SILVER SPRING, Md. — Banking documents, a baby’s birth records, a Social Security card. For some of the families displaced after last month’s deadly explosion and fire at a Silver Spring apartment complex, Thursday’s workshop at the Long Branch Community Center was the first chance to sit down with agencies from across the state and the county to get the help they need to regain their financial footing.
The event, advertised as a financial recovery workshop, was organized by the Maryland Comptroller’s office.
Joe Shapiro, with the Comptroller’s Office said the services available were being offered to the entire community.
“This tragic accident has spurred this particular workshop, but these types of resources are available to the entire community, and we want to let people know about that.”
Shapiro said reassembling financial information can be daunting for anyone.

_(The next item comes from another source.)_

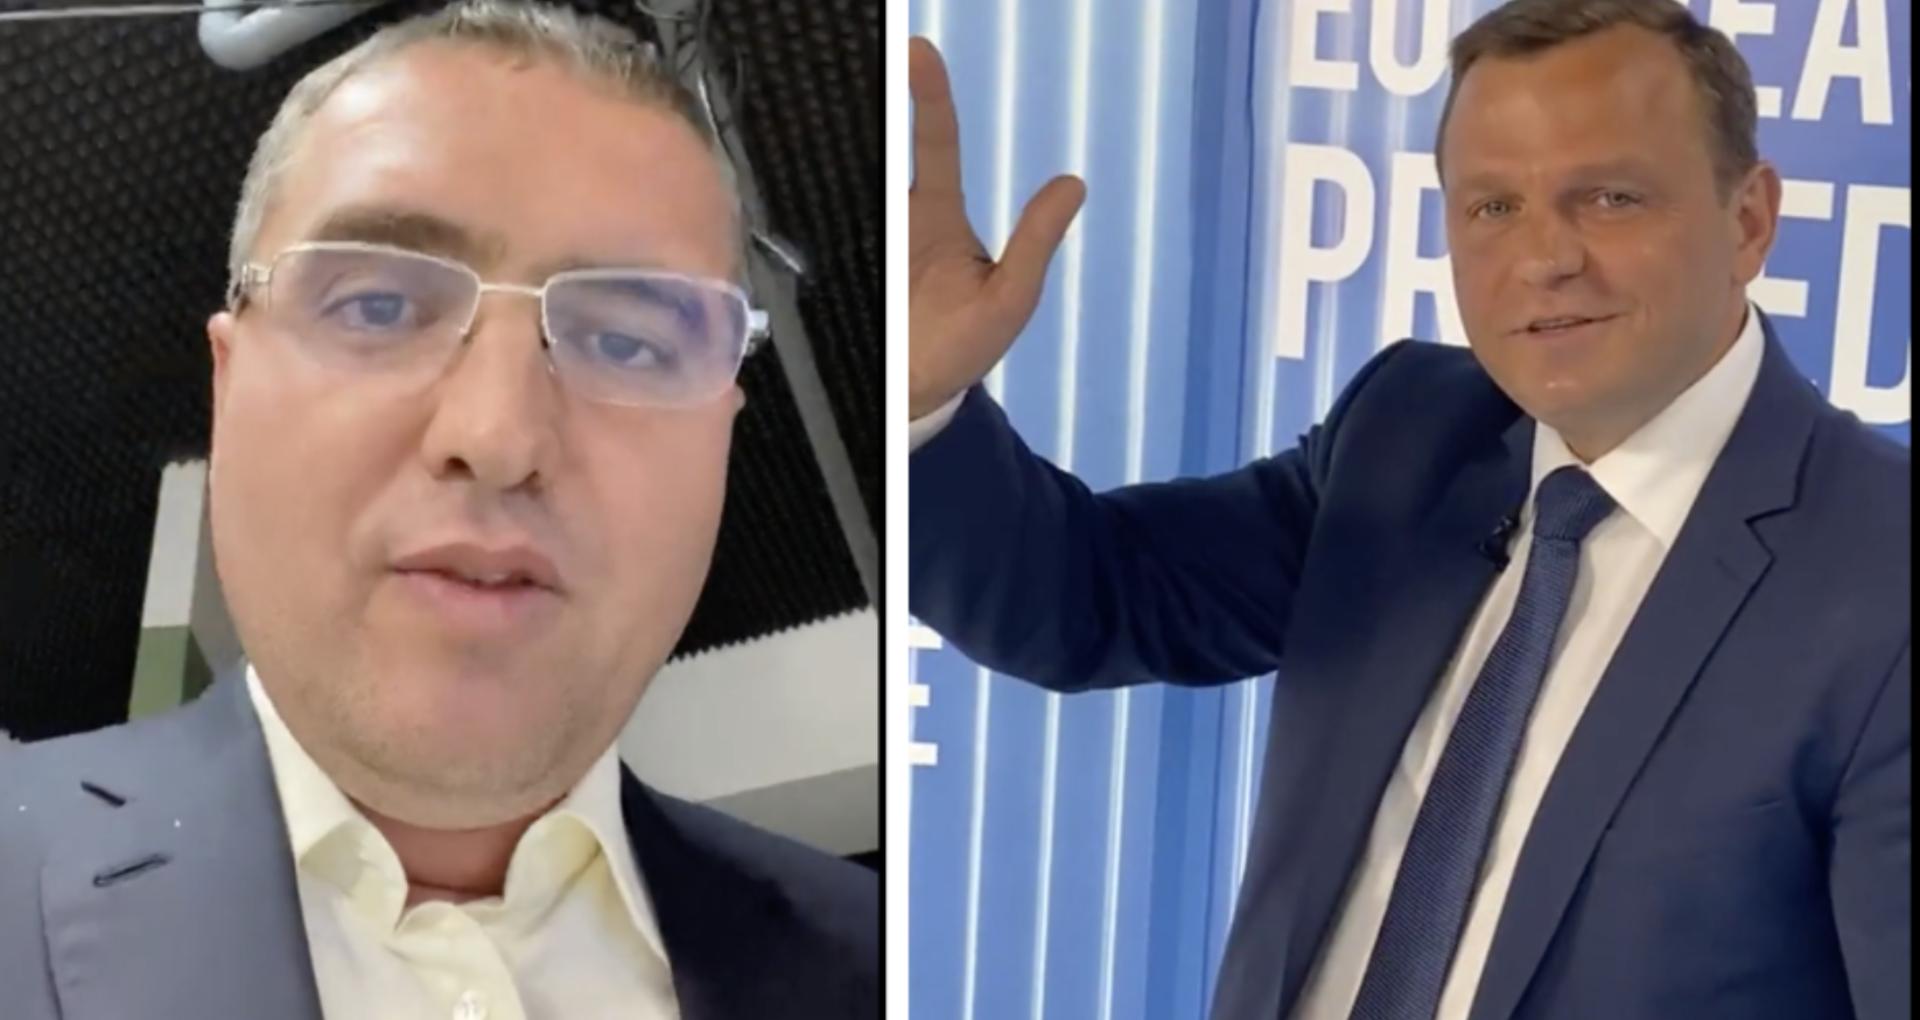 VIDEO/ Pariul lui Renato Usatîi: Dacă Andrei Năstase ia mai mult de 10% la alegerile prezidențiale, îi cumpără un Mercedes E Class nou

“We offer tax assistance, if you have a tax ID number or need to get a tax ID number, we can help you with that.”
Lois Todd Hunter was volunteering to serve as a translator for the Montgomery County Office of Consumer Protection. Many of the attendees — and those affected by the fire and explosion — are Spanish speakers.
“What people are mostly concerned about are lost documents. They’re really anxious about driver’s licenses, high school diplomas and their green cards,” she said.

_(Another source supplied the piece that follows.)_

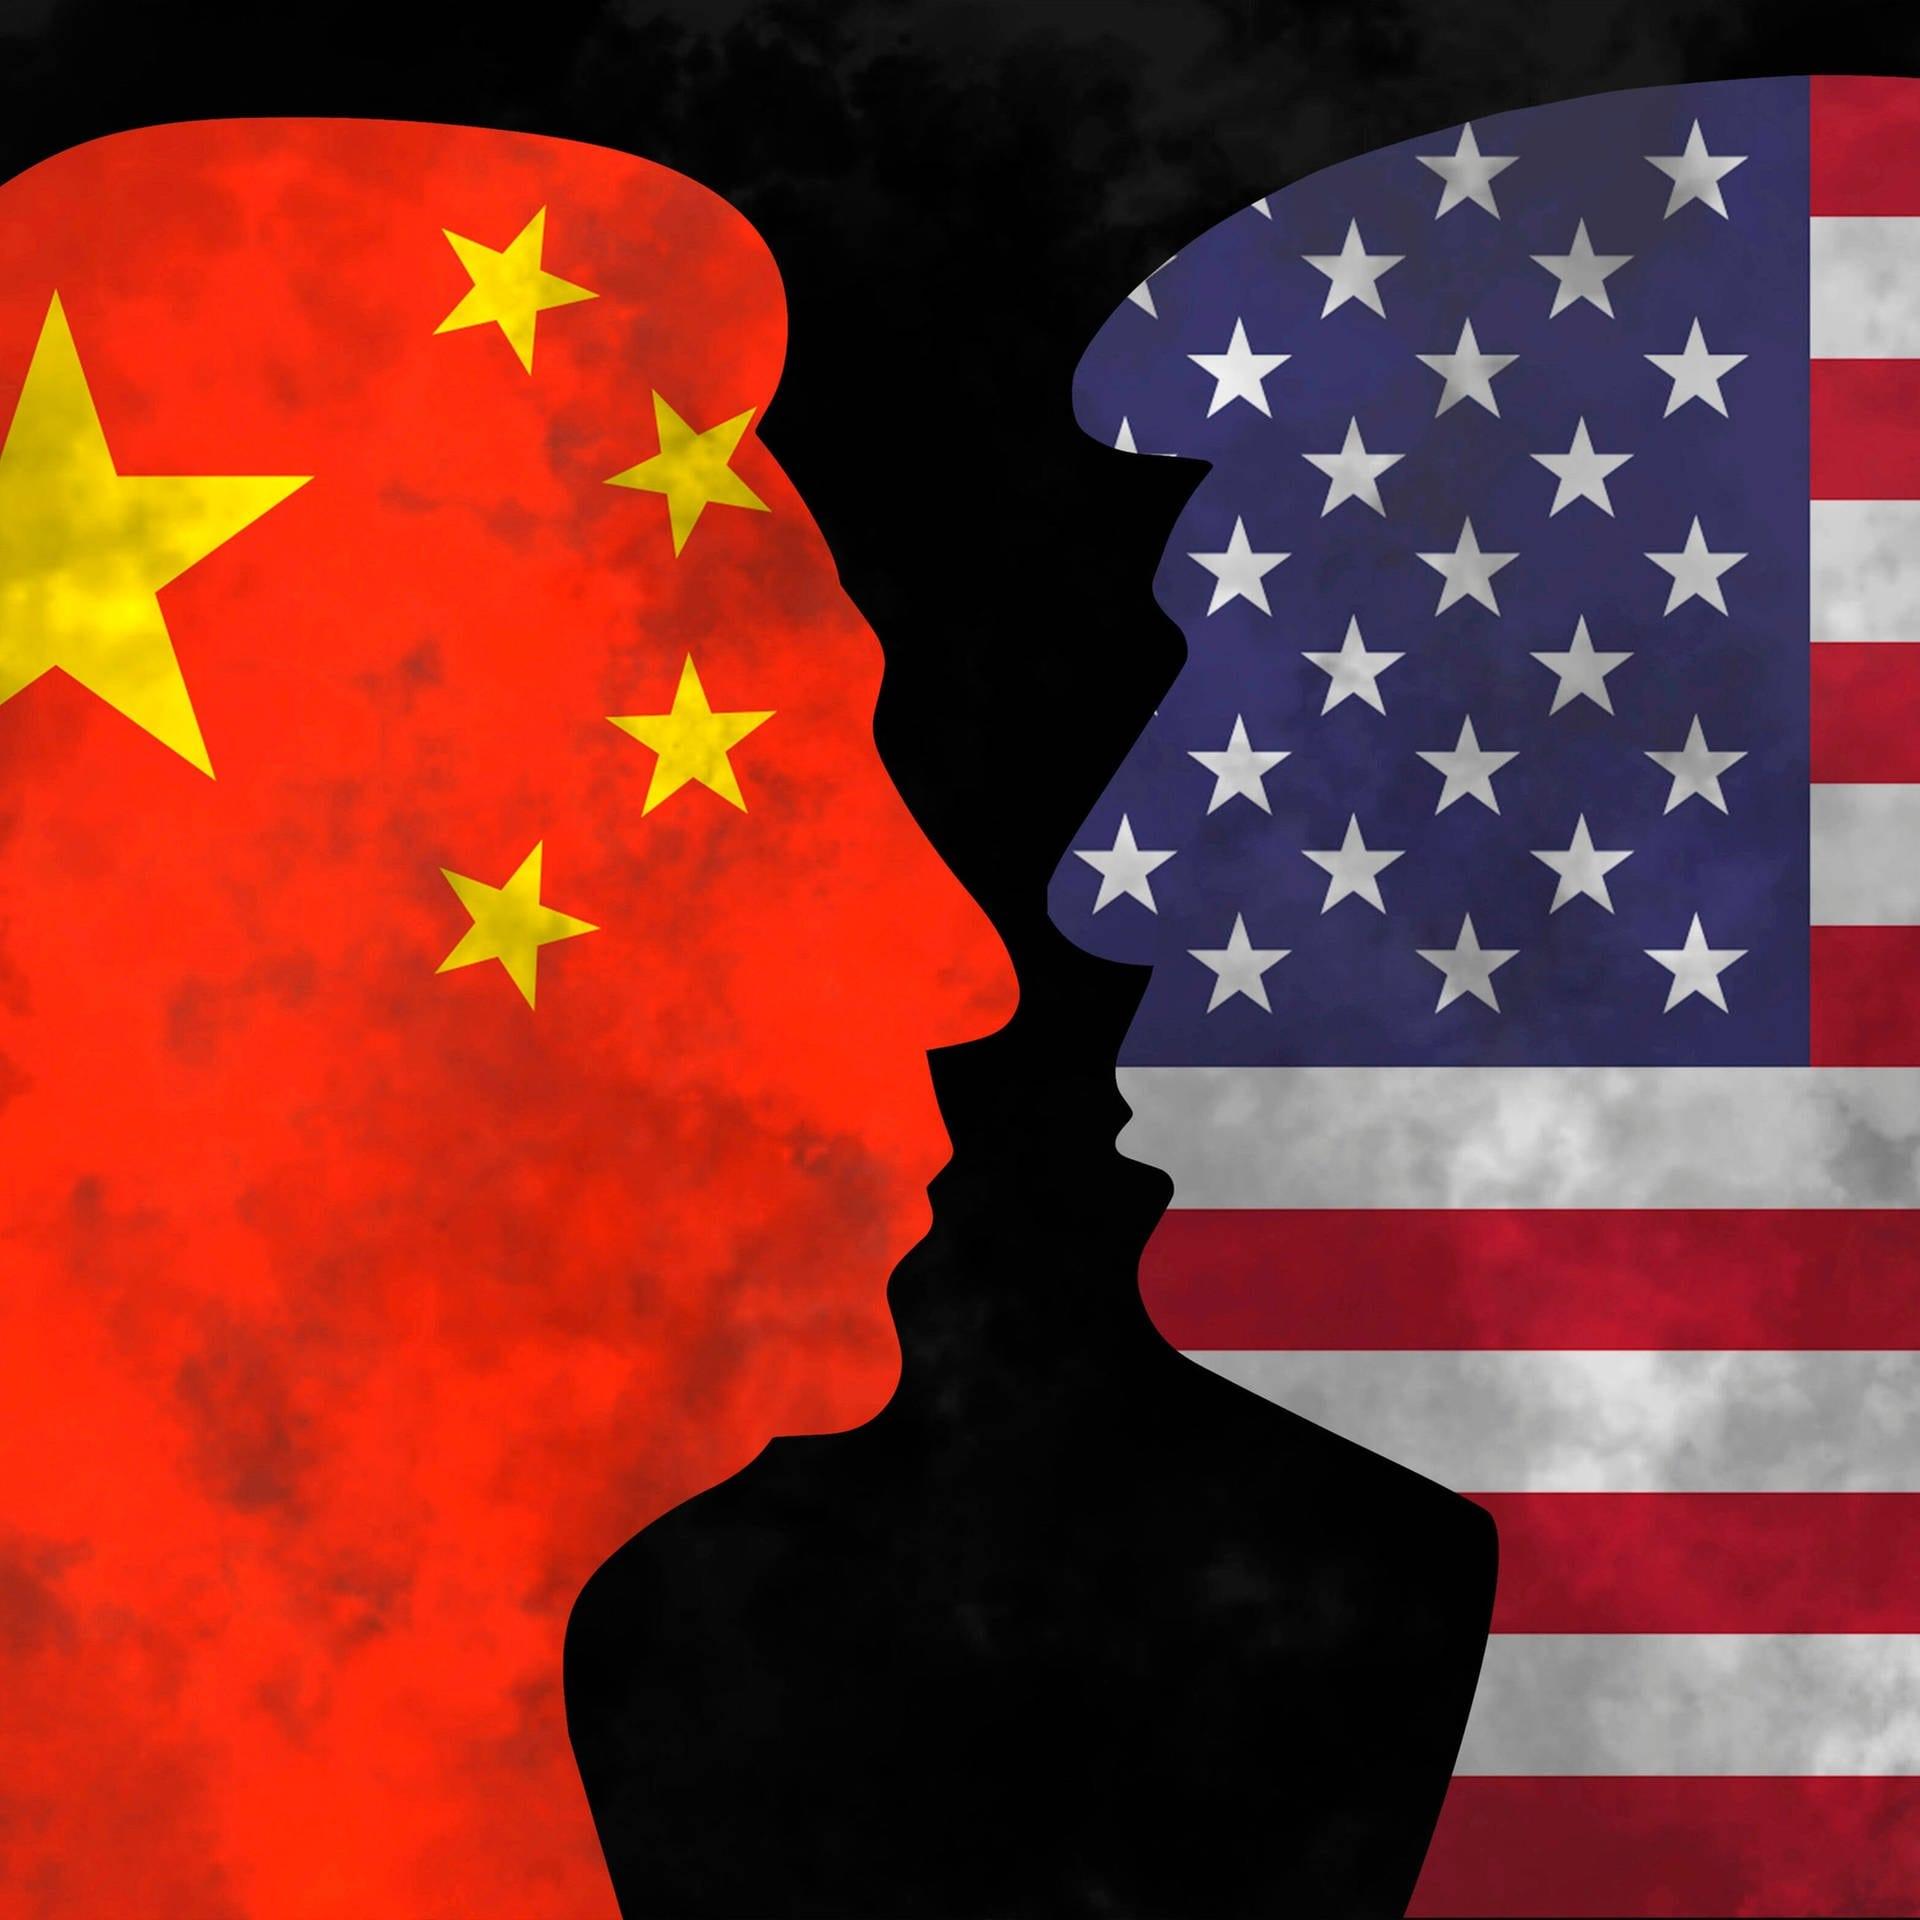 US-Wahl (4): Der Konflikt zwischen China und den USA

Hunter said it was gratifying to be able to pitch in and help.
“In my experience not everybody trusts that government is on their side, and this is an opportunity for clients to understand that all these organizations are on their side,” she said.
One woman, who identified herself simply as Irma, explained she and her family were burned out of their apartment. She said that the financial help was welcome, but one service she’s particularly interested in is trauma counseling.

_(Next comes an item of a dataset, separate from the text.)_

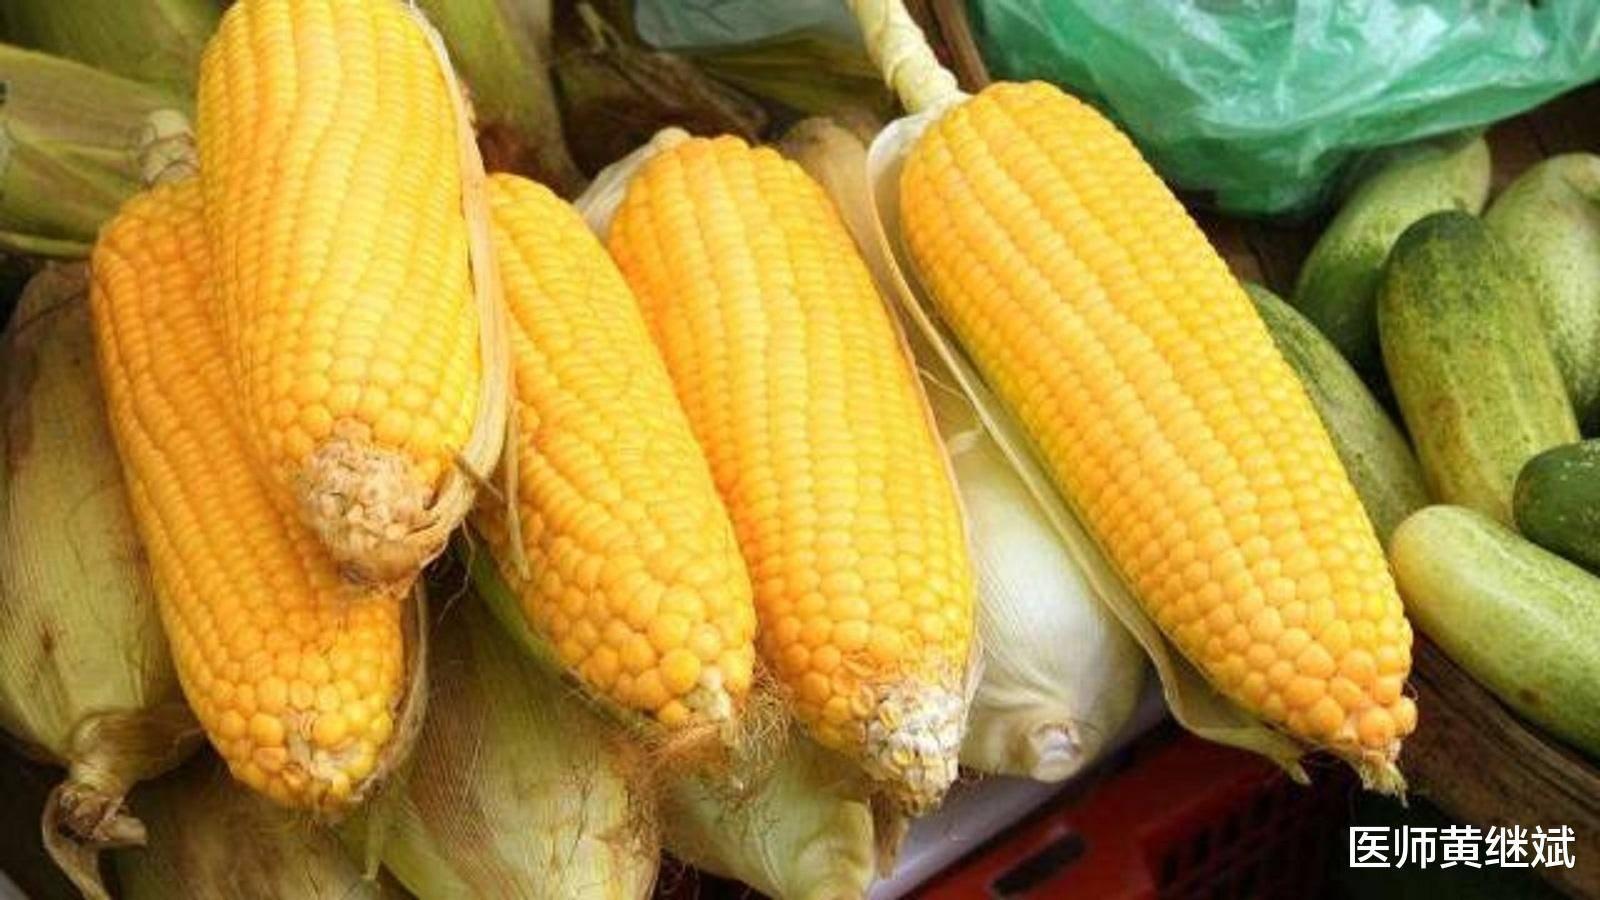 常被作为减肥代餐,甜玉米vs糯玉米,哪个减肥效果更好?

Her apartment was gutted by the explosion and fire that killed seven people at the apartment complex in the middle of the night. Irma, who has a 4-year-old daughter said her daughter still has many sleepless nights, and when they enter almost any building, her daughter frequently asks her, “Mami, will this place explode? Are we safe here?”
Among the agencies offering assistance toward financial recovery is the Maryland CASH Campaign, a nonprofit that focuses on personal financial education. Sue Rogan, director of Financial Education for the program, said anyone can get free assistance, including the chance to work one-on-one with a financial coach with an online tool.
The Office of Consumer Protection also offered scam alerts. Director of the office Eric Friedman explains that scammers often pop up in areas after a disaster, eager to take advantage of people who may be uncertain of their rights.